L’edizione odierna de “La Nuova Venezia” si sofferma sul clima che ha accompagnato il Venezia in questa settimana di preparazione alla sfida di Palermo contro i rosanero.
Ormai il copione è noto. Si moltiplicano gli screenshot e le testimonianze: muovere una critica civile sulle piattaforme social del Venezia, spesso significa venire insultati di rimando. Il profilo ufficiale di un club professionistico – “Dici stronz…e”, scrive, tra le più recenti segnalazioni – contro i tifosi che rappresenta. Livello bettola al quinto spritz. Se questa è l’avveniristica visione identitaria della proprietà, beh, lunga vita al vecchio. «Un approccio del genere non porta da nessuna parte», dice Emanuele Garau. È uno storico appassionato arancioneroverde, ma soprattutto social media manager di professione che collabora con società di Serie B, C e calcio femminile.
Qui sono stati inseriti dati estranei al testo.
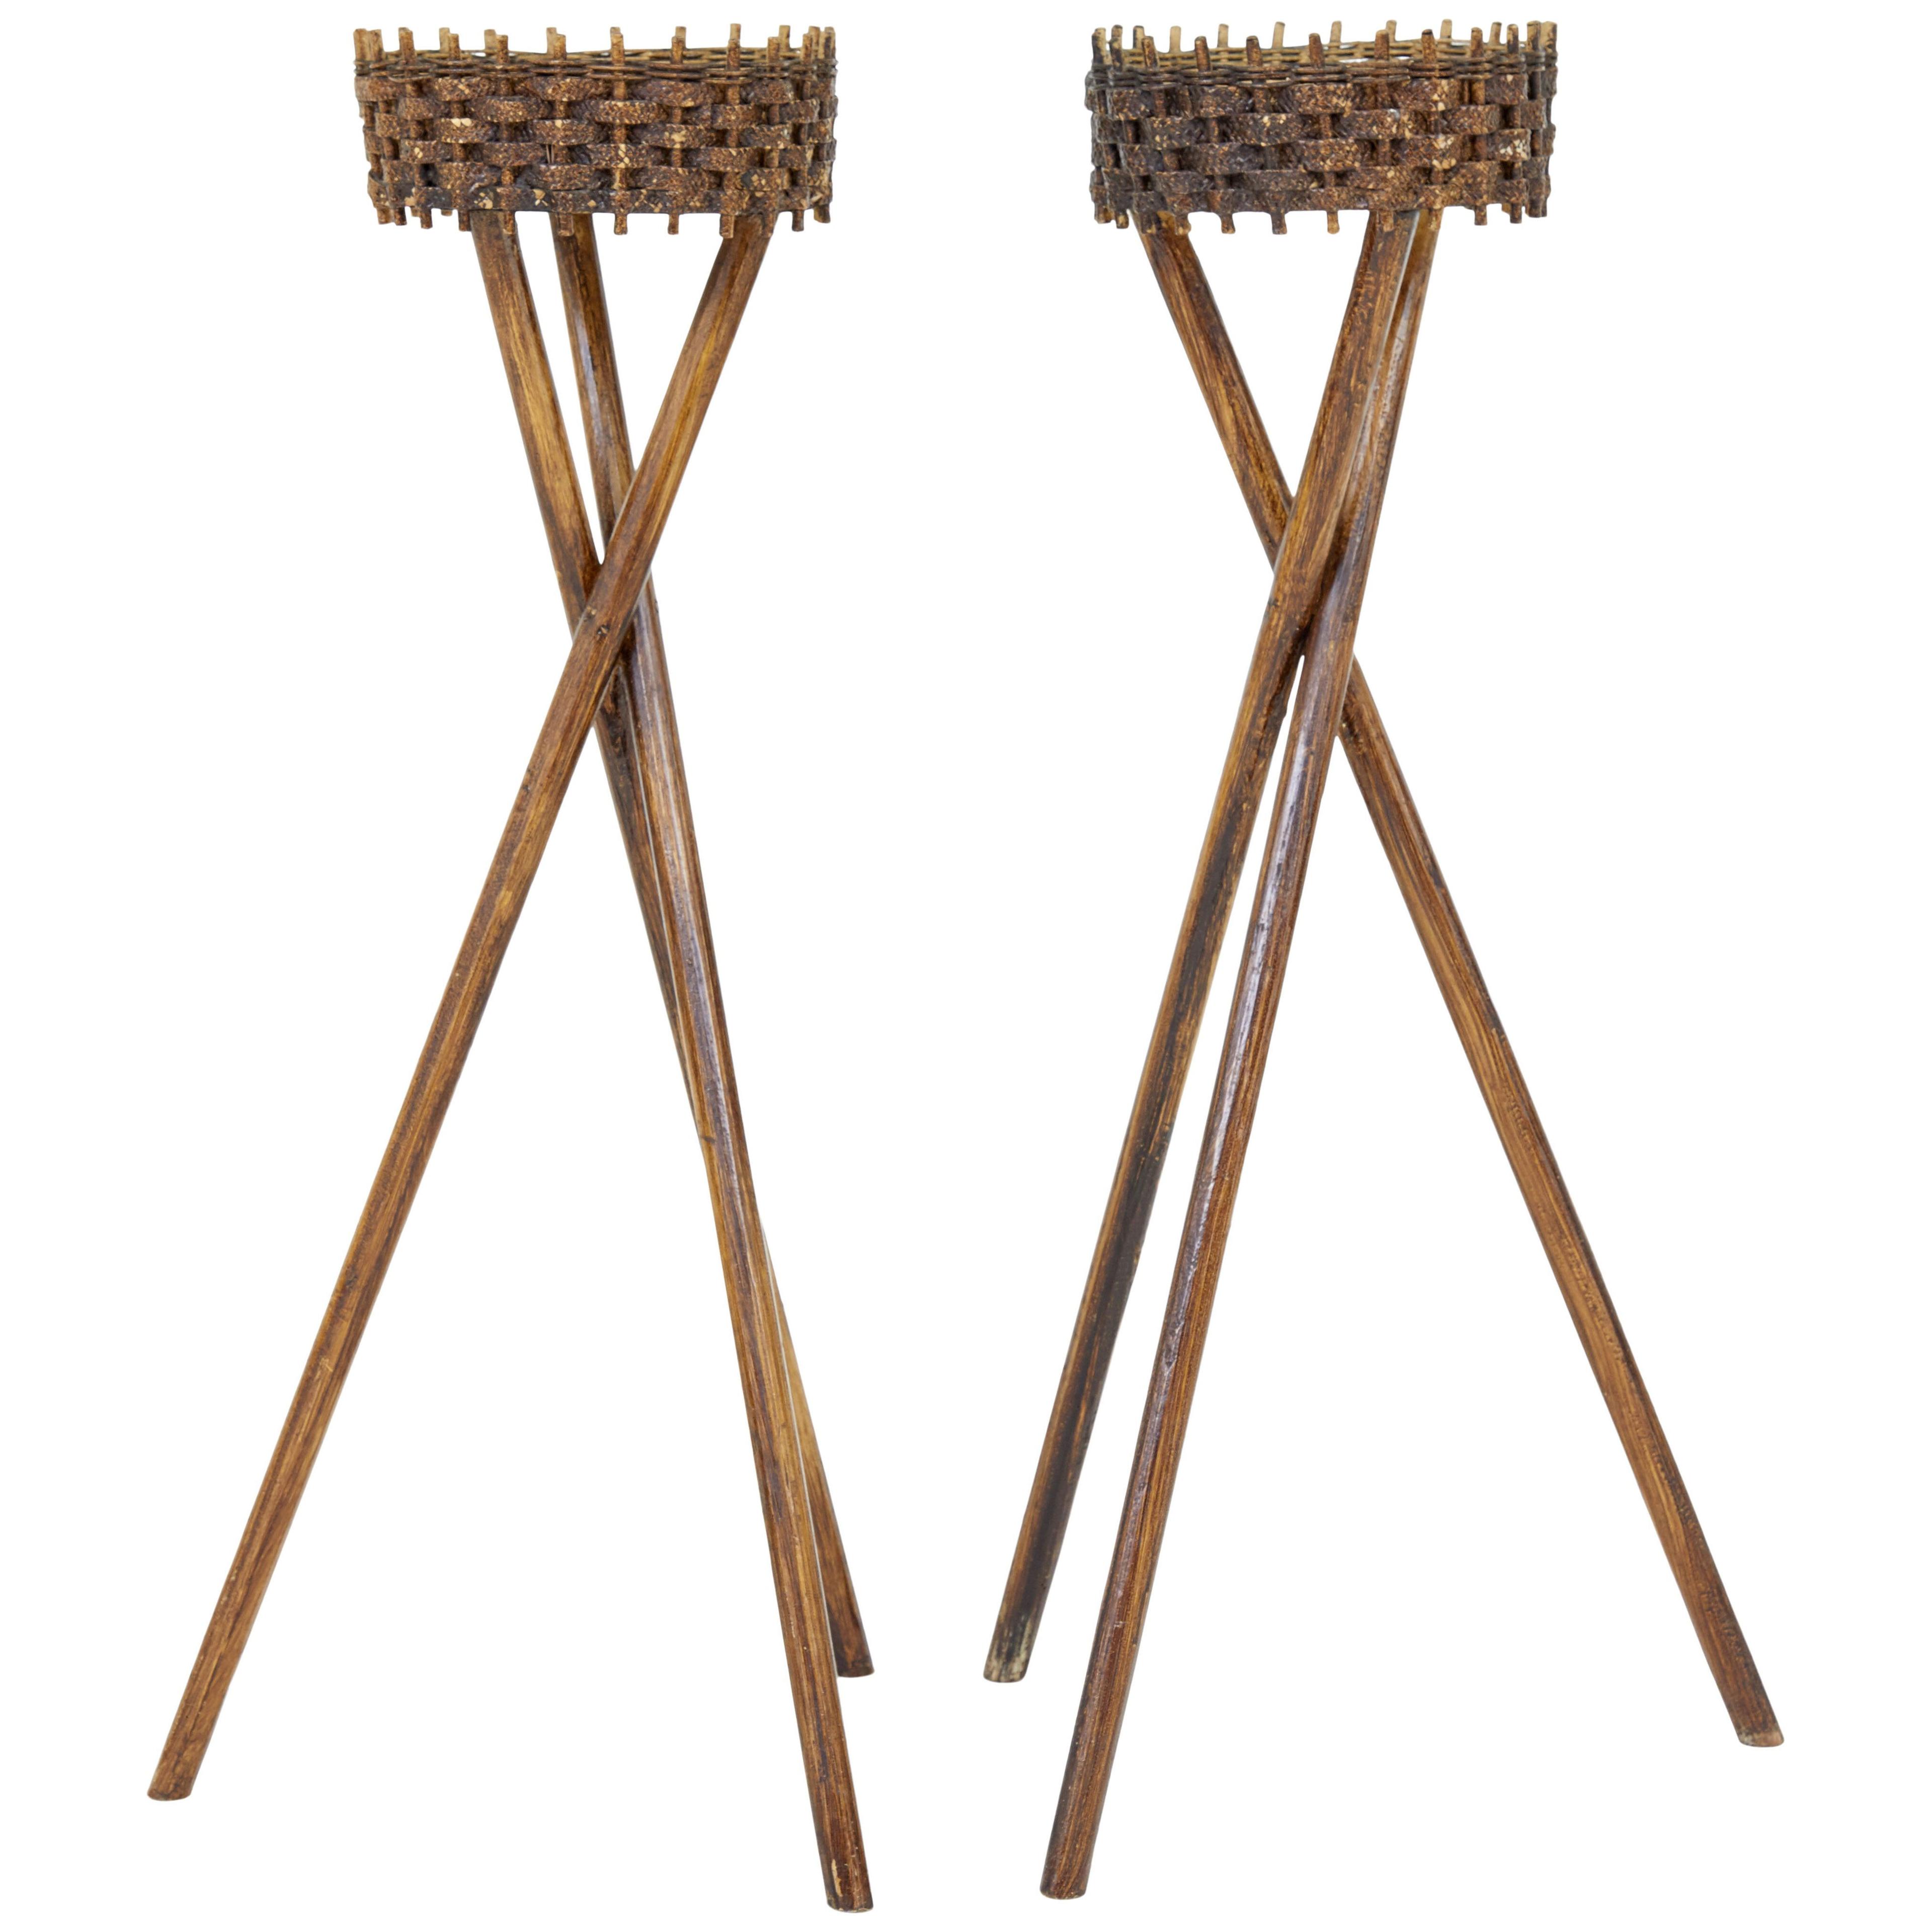 PAIR OF MID 20TH CENTURY WOVEN PLANT STANDS

Quindi fa specie sentirgli dire che «il Venezia fa di tutto per dare un’immagine positiva di sé: eleganza, fashion, foto. Ma oltre la vetrina, la scatola è vuota. Non corrisponde alla realtà. E ciò che non piace al club viene nascosto».
Letteralmente. Da giugno il Venezia ha rivisto le proprie community guidelines, riservandosi il diritto di cancellare i commenti offensivi. E ci mancherebbe. «Il problema», continua Garau, «è che però si fa un uso del tutto arbitrario della censura». Per esempio? «In uno degli ultimi post ho fatto presente, in modo pacato, che la società ha l’opportunità di monitorare l’operato dei propri manager e considerare le segnalazioni dei tifosi. Poco più giù un hater del Palermo fa discriminazione territoriale contro la città di Venezia. Il mio commento è stato eliminato, l’altro no». Questione di ego. «Prendo le distanze da questo atteggiamento. Anche perché mica tutti sono leoni da tastiera: talvolta i tifosi offrono feedback pertinenti. Se sono attaccabili, vengono ‘blastati’ dal profilo del Venezia», che li deride su Twitter. «E invece ignora o cancella quelli più strutturati, per poi riversare la propria irritazione nelle chat private». Roba da bambini delle medie. «Tutto questo attraverso uno strumento ufficiale da decine di migliaia di follower: fuori da ogni logica. Ma se i responsabili», il brand director Ted Philipakos e la director of media Sonya Kondratenko, «continuano a comportarsi così, evidentemente godono della fiducia della dirigenza».
Forse è questo l’aspetto più avvilente. Perché Duncan Niederauer, col veleno nell’aria dal Taliercio a Sant’Elena, a questo punto non può non sapere. Certi errori sono inammissibili, «quando i risultati sportivi non ci sono. E il sentore della piazza va al di là della classifica». Fare merchandising mentre la squadra retrocedeva dalla Serie A è grottesco. Crogiolarsi nel lifestyle durante il cambio di allenatore rasenta il ridicolo. Garau spiega che «le strategie aziendali vanno contestualizzate. Va bene aprirsi all’estero e a nuovi mercati. Ma ci vuole equilibrio: ignorando il locale si fa poca strada. E il Venezia fatica a mettersi nei panni del tifoso che va ogni settimana allo stadio. Qui mica siamo in Major League Soccer: fare calcio è sempre stato delicato. Non si può “imporre” un sistema a un contesto che non lo accoglie”. Vie di fuga? «insistere sull’interazione sana». E sul rispetto reciproco. «I tifosi che insultano sbagliano, naturalmente. Chi si pone in maniera corretta però merita attenzione e non ostilità da parte del club». La gente prima o poi capirà, è la litania del Venezia. «Ma perché sono sempre gli altri a dover capire, anziché intraprendere un percorso comune?». Si attende un tweet illuminante dai profili arancioneroverdi. Finora non ce ne sono stati.